Tucked away in a sheath and strung to one’s belt, a personal dagger-like knife was a quotidian accessory to the medieval European outfit. Though it could be used as a defensive weapon, its primary purpose was as an eating utensil. One would just as soon leave the house without shoes as walk around without a knife strung from the girdle. In fact, it was so habitually worn, Wilson says, that it was often easy to forget it was there. According to her, one sixth-century text “reminded monks to detach their knives from their belts before they went to bed, so they didn’t cut themselves in the night.”

Not only were they functional tools, they were also personal gadgets tailored to their owner. While meals were shared, with multiple diners often eating from the same plate, knives were far from communal. “You would no more eat with another person’s knife than you would brush your teeth today with a stranger’s toothbrush,” writes Wilson. At the end of the dinner, knives would be wiped down with a napkin and promptly returned to their owners.

But while no one totes a toothbrush on their person, the knives were, in a sense, a garment, and thus often designed to reflect their owners’ taste. The handle, where one could really show personal flair, could be crafted from a wide variety of materials, including brass, glass, mother of pearl, and tortoiseshell. Some were plain, while others were engraved with surprisingly sweet images of flowers, doves, apostles, or even babies.

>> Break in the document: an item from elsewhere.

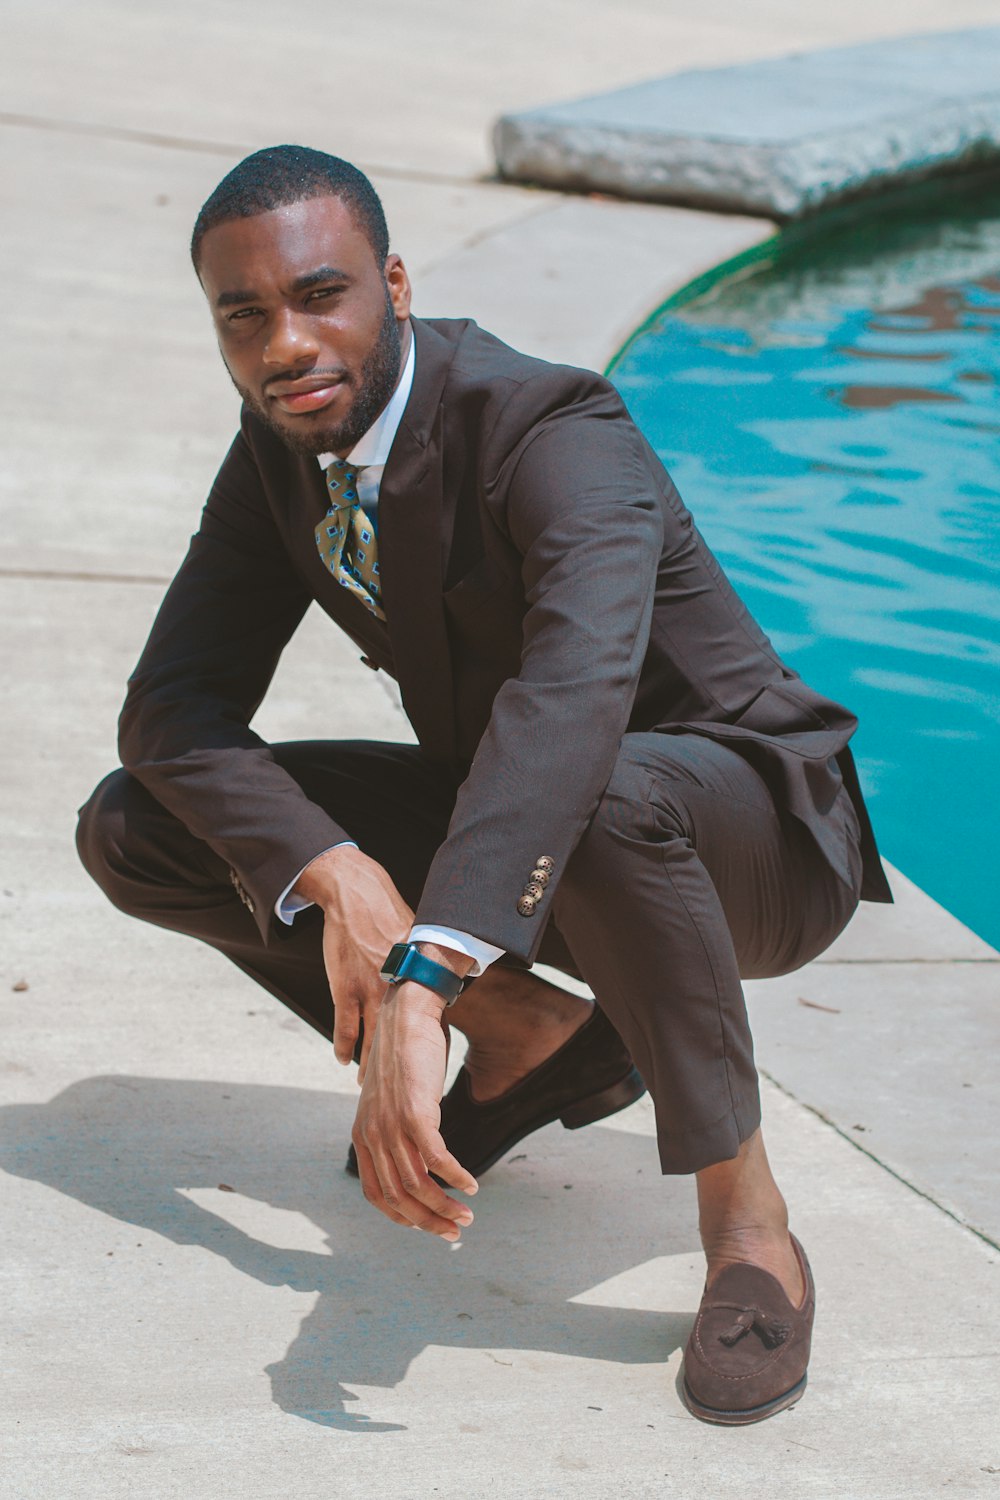 Handsome Black Man Pictures Download Free Images On Unsplash Images, Photos, Reviews

But, for all of the importance that personal knives held in Western culture, they were eventually cut out of European dining, replaced by duller, more impersonal tools placed on the table for no one in particular. Legend has it that, during one royal French dinner, King Louis XII’s chief adviser was horrified by the sight of a dinner guest picking at his teeth with the point of his knife—and demanded all his knives be created blunt. The next king, Louis XIV, followed suit, issuing a nationwide moratorium on the creation of sharp, pointed knives.

The 17th century saw the shift towards blunter, one-sided knives that could no longer be used for stabbing, but rather required a more delicate stroking motion, with a finger draped over the spine of the tool. Forks eventually found their way to the table, too, and by the 18th century, the personal, sharp, eating dagger was all but a dull memory.